This is called memoization. We check if our cache contains the result of the function call for a given input, and only do the work if absolutely necessary.

Exercise for the reader

Fibonacci numbers are a famous example of a recursive function. The $n$ -th Fibonacci number is defined as $F_n = F_{n - 1} + F_{n - 2}$ , with $F_0 = 0$ and $F_1 = 1$ . You can try implementing a function that computes the $n$ -th Fibonacci number and which uses memoization.

This approach drastically decreases the amount of calculations we need to do: Because for each card we calculate the result only once, we only need to look at each card once. This means that our algorithm is now $\mathcal{O}(n)$ .

Benchmarks

My solution includes a tiny benchmark that compares the two solutions. It uses time.perfcounter to measure the time each solution takes to run. I ran it on my machine (Ryzen R9 7950X, 64GB RAM⁴) and got the following results:

Part 2 (naive):             (50.370501 seconds)
Part 2 (with memoization):  (0.0506474 seconds)

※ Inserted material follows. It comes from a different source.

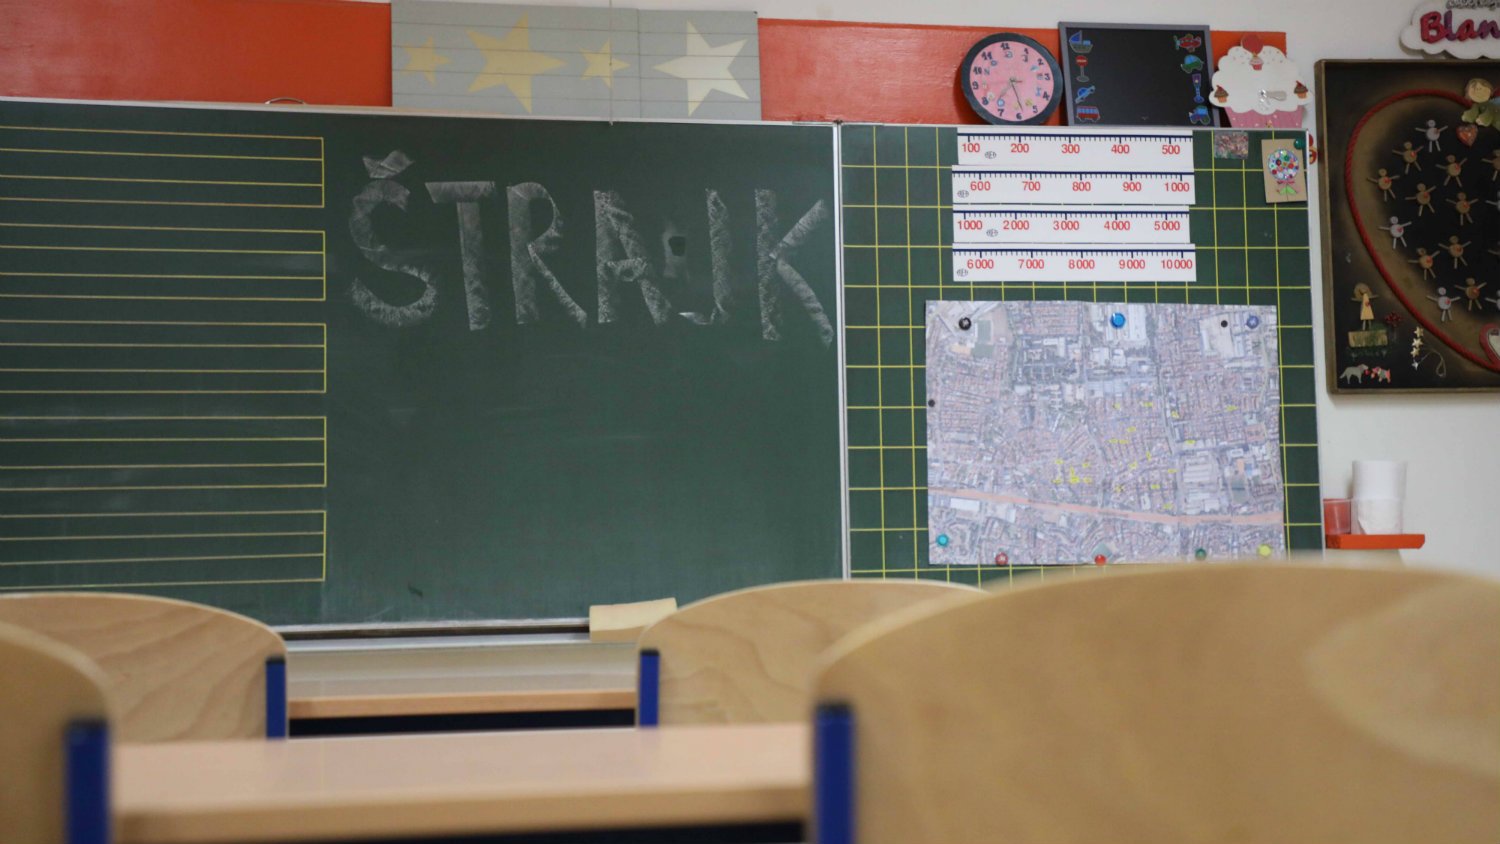 Hrvatski nastavnici se izjašnjavaju o ponudi vlade, štrajk nastavljen 1

That’s an improvement by 99.9%!

Closing remarks

This only scratches the surface of algorithms and Big O notation: Typically when analyzing algorithms, we’re interested in best case, average and worst case runtime complexity⁵. We can also look at the ammortized runtime complexity of an algorithm. Moreover, we haven’t considered space complexity yet.

Lastly, Python has the functools.cache decorator to do memoization.

2025-01-21: A previous version of this article gave the wrong increase in runtime. The mistake has been fixed. Thanks to Enric Solé-Farré for catching the error!

Don’t judge this too hard, this is mainly for illustrative purposes. My actual code can be found here. ↩
There was an error in the previous version of the article. It has been fixed now. ↩
This is a very naive implementation of memoization. A better implementation would be to use a dictionary that maps the input to the output, and then use a decorator to memoize the function. I didn’t do this because I wanted to keep the code as simple as possible. Also our function isn’t technically pure anymore because it has side effects (it mutates the cache). ↩
Not that it matters that much. ↩
For example, for sorting, the best case is an already sorted array and the worst case is an array sorted in reverse order. ↩